At the line containing "A screenshot from", begin setting down the entries exactly, and stop only after the last line.

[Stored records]
· · · · ·

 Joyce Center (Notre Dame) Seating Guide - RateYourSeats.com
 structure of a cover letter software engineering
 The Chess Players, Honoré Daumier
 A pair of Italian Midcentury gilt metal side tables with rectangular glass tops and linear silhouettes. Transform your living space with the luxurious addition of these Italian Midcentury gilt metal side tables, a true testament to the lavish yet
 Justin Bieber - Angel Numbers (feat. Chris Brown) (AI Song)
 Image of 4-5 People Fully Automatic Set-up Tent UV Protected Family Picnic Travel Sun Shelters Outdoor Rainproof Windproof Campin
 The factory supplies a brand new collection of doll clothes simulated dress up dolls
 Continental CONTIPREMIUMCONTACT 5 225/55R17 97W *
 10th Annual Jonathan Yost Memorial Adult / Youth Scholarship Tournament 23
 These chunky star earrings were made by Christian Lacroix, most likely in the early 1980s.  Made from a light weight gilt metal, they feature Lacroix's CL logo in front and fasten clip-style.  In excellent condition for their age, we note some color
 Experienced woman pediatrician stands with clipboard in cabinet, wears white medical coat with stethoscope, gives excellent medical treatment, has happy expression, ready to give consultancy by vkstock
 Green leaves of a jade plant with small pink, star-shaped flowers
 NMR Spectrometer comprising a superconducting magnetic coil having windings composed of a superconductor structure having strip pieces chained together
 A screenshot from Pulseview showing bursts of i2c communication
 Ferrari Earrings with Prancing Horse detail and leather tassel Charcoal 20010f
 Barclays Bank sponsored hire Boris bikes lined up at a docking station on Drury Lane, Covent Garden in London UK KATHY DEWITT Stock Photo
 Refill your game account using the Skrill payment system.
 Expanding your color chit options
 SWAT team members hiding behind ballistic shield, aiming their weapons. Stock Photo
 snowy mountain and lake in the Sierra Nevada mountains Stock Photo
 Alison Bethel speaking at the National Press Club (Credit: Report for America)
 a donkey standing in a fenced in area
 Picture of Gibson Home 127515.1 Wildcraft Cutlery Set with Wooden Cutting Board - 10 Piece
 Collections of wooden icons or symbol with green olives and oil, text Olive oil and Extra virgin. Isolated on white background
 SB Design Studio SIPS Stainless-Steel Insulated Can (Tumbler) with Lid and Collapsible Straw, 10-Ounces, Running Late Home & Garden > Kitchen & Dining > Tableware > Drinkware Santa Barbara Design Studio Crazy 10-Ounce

· · · · ·

Worked solution
 A screenshot from Pulseview showing bursts of i2c communication
 Ferrari Earrings with Prancing Horse detail and leather tassel Charcoal 20010f
 Barclays Bank sponsored hire Boris bikes lined up at a docking station on Drury Lane, Covent Garden in London UK KATHY DEWITT Stock Photo
 Refill your game account using the Skrill payment system.
 Expanding your color chit options
 SWAT team members hiding behind ballistic shield, aiming their weapons. Stock Photo
 snowy mountain and lake in the Sierra Nevada mountains Stock Photo
 Alison Bethel speaking at the National Press Club (Credit: Report for America)
 a donkey standing in a fenced in area
 Picture of Gibson Home 127515.1 Wildcraft Cutlery Set with Wooden Cutting Board - 10 Piece
 Collections of wooden icons or symbol with green olives and oil, text Olive oil and Extra virgin. Isolated on white background
 SB Design Studio SIPS Stainless-Steel Insulated Can (Tumbler) with Lid and Collapsible Straw, 10-Ounces, Running Late Home & Garden > Kitchen & Dining > Tableware > Drinkware Santa Barbara Design Studio Crazy 10-Ounce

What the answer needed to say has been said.